If everything is good and set, you can run the snakemake pipeline.
# Local
snakemake -s mag_annotation/Snakefile --use-conda -j <threads>
#Aggregate results
mkdir annotations
cat sample_annotation/*/*hmmMiComplete105.tbl > annotations/all.hmmMiComplete105.tbl
cat sample_annotation/*/*hmmVOG.tbl > annotations/all.hmmVOG.tbl
cat sample_annotation/*/*_dvf/*dvfpred.txt > annotations/DVF.predictions.txt
# Clean the DVF files for multiple headers.

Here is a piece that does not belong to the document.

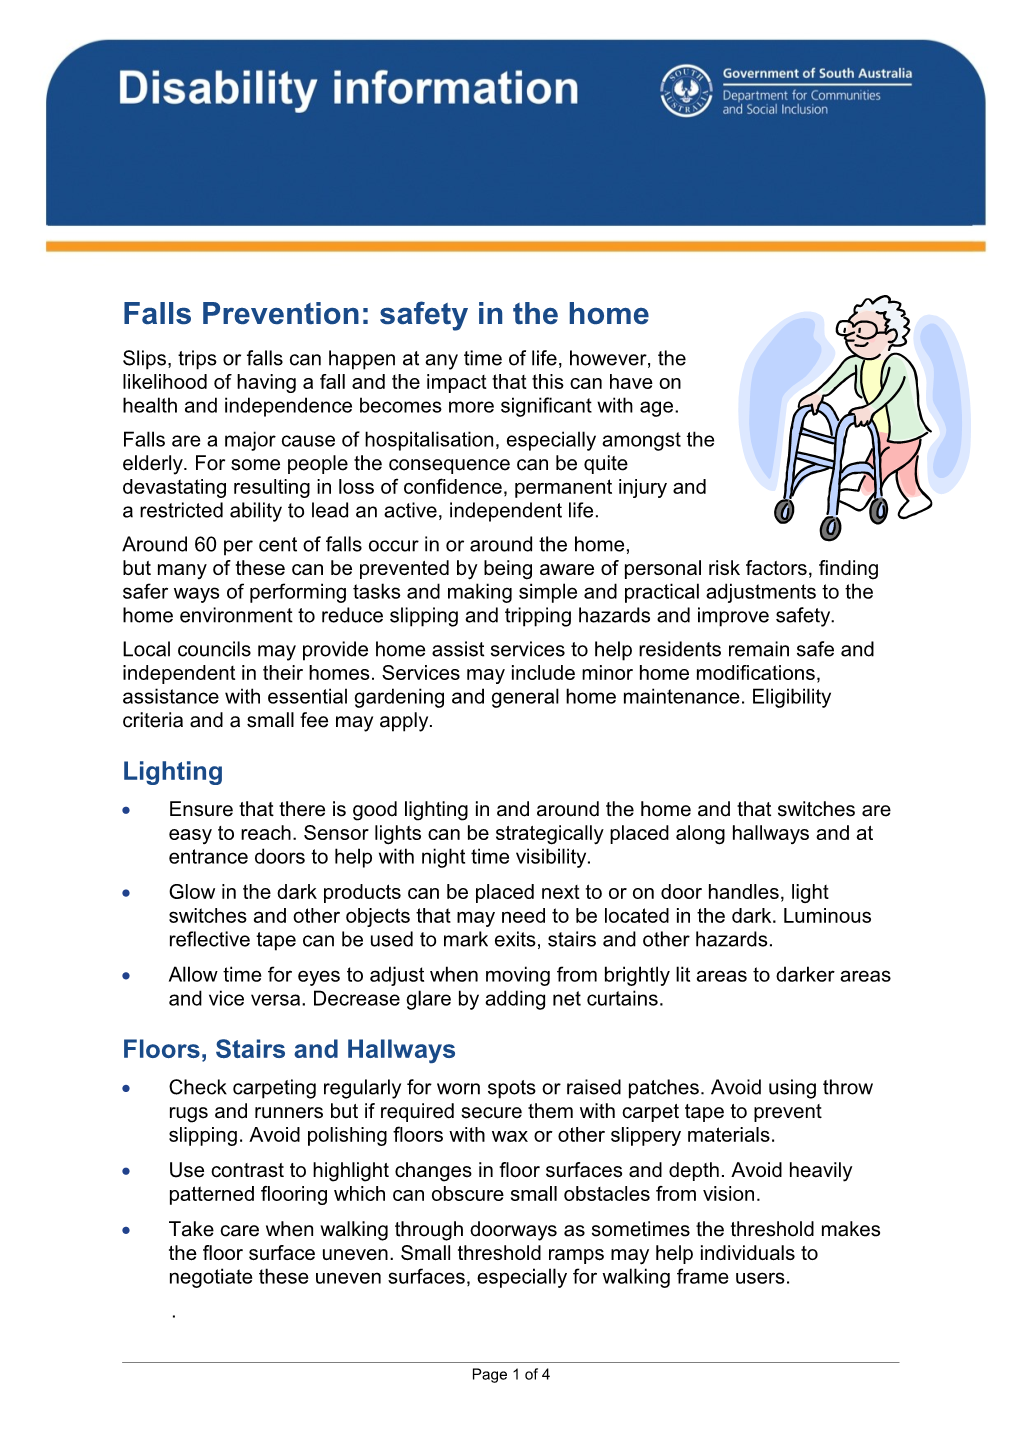 Falls Prevention: Safety In The Home

head -n1 annotations/DVF.predictions.txt > DVF.header # get first header
grep -v 'pvalue' annotations/DVF.predictions.txt > DVF.predictions # get predictions
cat DVF.header DVF.predictions > annotations/all.DVF.predictions.txt # combine
Dependent on the number of samples, it may be relevant to run the Snake-flow on a High performance computing (HPC) server.

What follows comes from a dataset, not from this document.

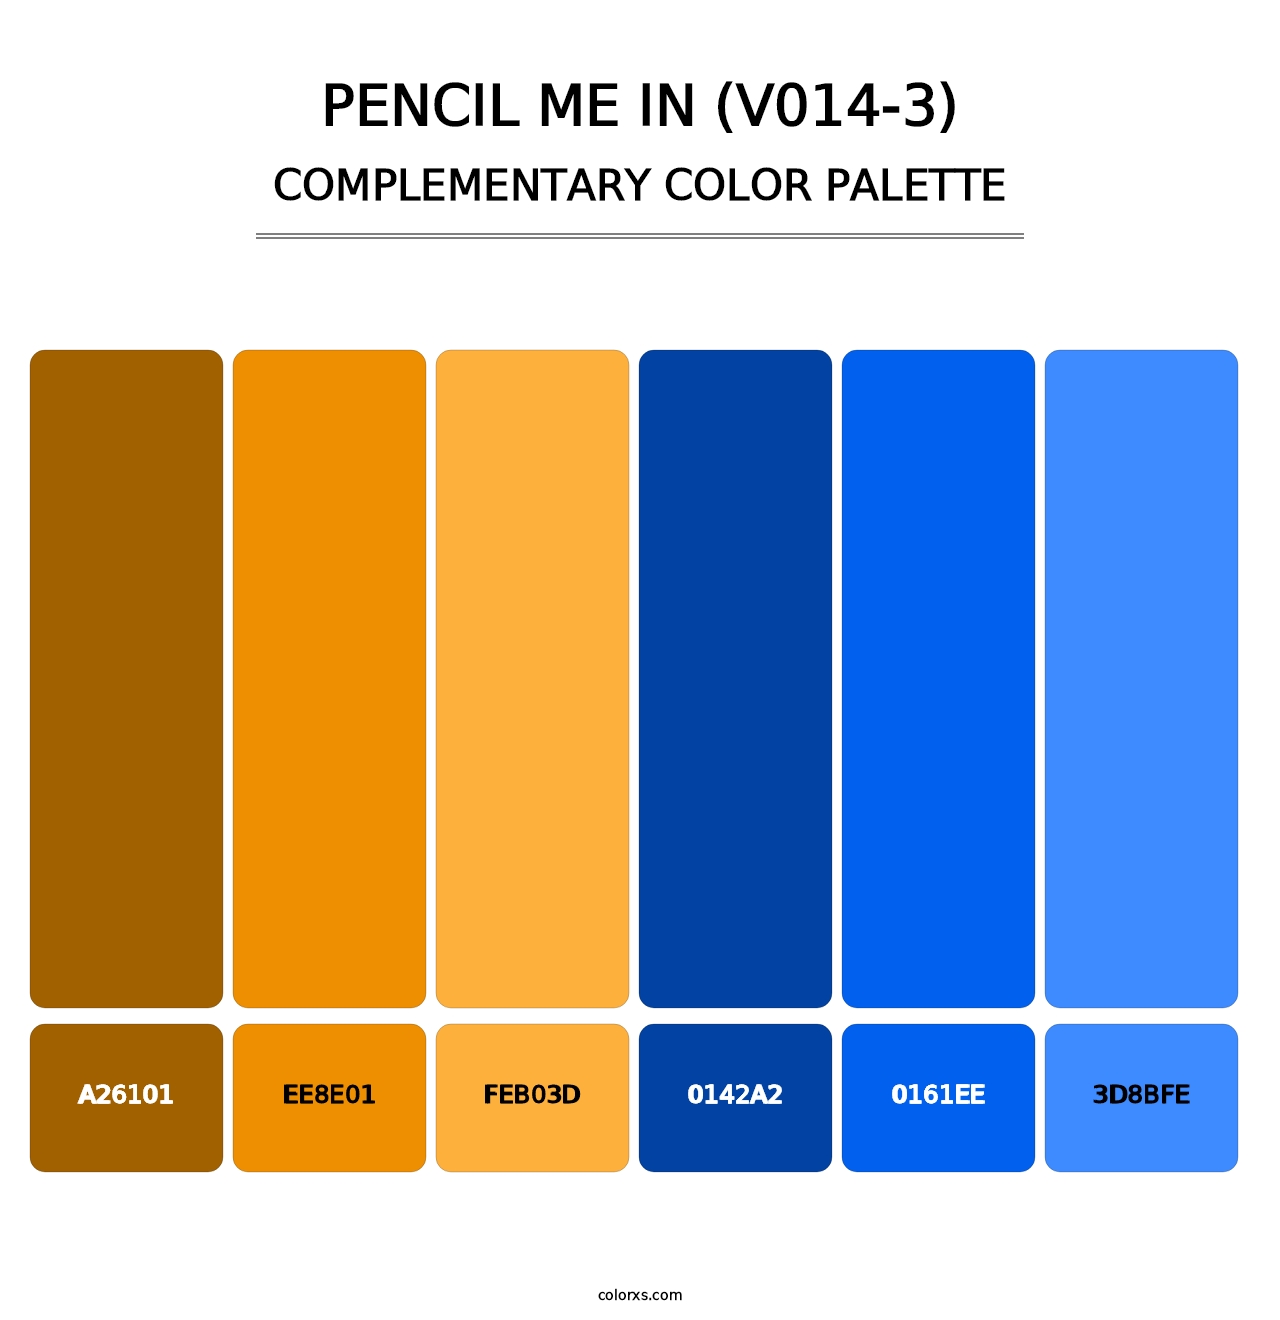 Pencil Me In (V014-3) - Complementary Color Palette

# HPC - this won't work unless you specify a legit group on your HPC in `config.yaml`
snakemake -s Snakefile --cluster qsub -j <threads> --use-conda
Make sure to have Prodigal, hmmer and DeepVirFinder depedencies installed. Check under mag_annotation/envs
for relevant conda environments.
mkdir annotations
gunzip contigs.fna.gz
python3 /user/DeepVirFinder/dvf.py -i contigs.fna -o DVF -l 2000 -c 1
mv DVF/contigs.fna_gt2000bp_dvfpred.txt annotations/all.DVF.predictions.txt
prodigal -i contigs.fna -d genes.fna -a proteins.faa -p meta -g 11
hmmsearch --cpu {threads} -E 1.0e-05 -o output.txt --tblout annotations/all.hmmMiComplete105.tbl <micompleteDB> proteins.faa
hmmsearch --cpu {threads} -E 1.0e-05 -o output.txt --tblout annotations/all.hmmVOG.tbl <VOGDB> proteins.faa
gzip contigs.fna
Running the provided script, the virome bins are written to a fasta file and bin-annotations are summarised in vambbins_aggregated_annotation.txt
.
run_RF.py contigs.fna.gz vamb/clusters.tsv annotations resultdir
ls resultsidr
resultdir/vambbins_aggregated_annotation.txt
resultdir/vambbins_RF_predictions.txt
resultsdir/vamb_bins #Concatenated predicted viral bins - writes bins in chunks to files so there might be several!
We recommend VAMB bins to be evaluated with a dedicated Viral evaluation tool like CheckV or VIBRANT to identify HQ viruses.
checkv end_to_end resultsdir/vamb_bins/vamb_bins.1.fna checkv_vamb_bins
- The RF model automates filtering of VAMB bins that are most likely bacterial and therefore provides a space of plausible viral entities for further validation. The RF-model has been trained on paired Metaviromes and Metagenomes to make precisde decisions based on simple parameteres as the ones below. Compared to a single contig viral prediction model, the RF approach is very accurate. The increased performance is likely explained by the RF model evaluating on bin-level where one sequence with a low viral score does NOT lead to a misprediction of the whole bin. Aggregated information (assuming the binning is really good!) from multiple-contigs improves prediction compared to single-contigs.
The RF model take few variables to make an accurate distinction.
binsize (bp) | nhallm | distinct_VOGs_factor | cluster_DVF_score |
---|---|---|---|
2.000.000 | 100 | 0.2 | 0.3 |
60.000 | 3 | 1.3 | 0.7 |
- Bacterial MAGs and viral MAGs from the same metagenome can be efficiently associated using crispr-spacer approaches and sequence alignment (recommended cutoffs can be found in the article). From this, Host-viral abundance dynamics and bacterial pangenome modulation can be studied. Downstream viral proteome analysis should be based on the
viral regions
found in thecontamination.tsv
file produced by CheckV to prevent contaminating bacterial genes to influence the analysis.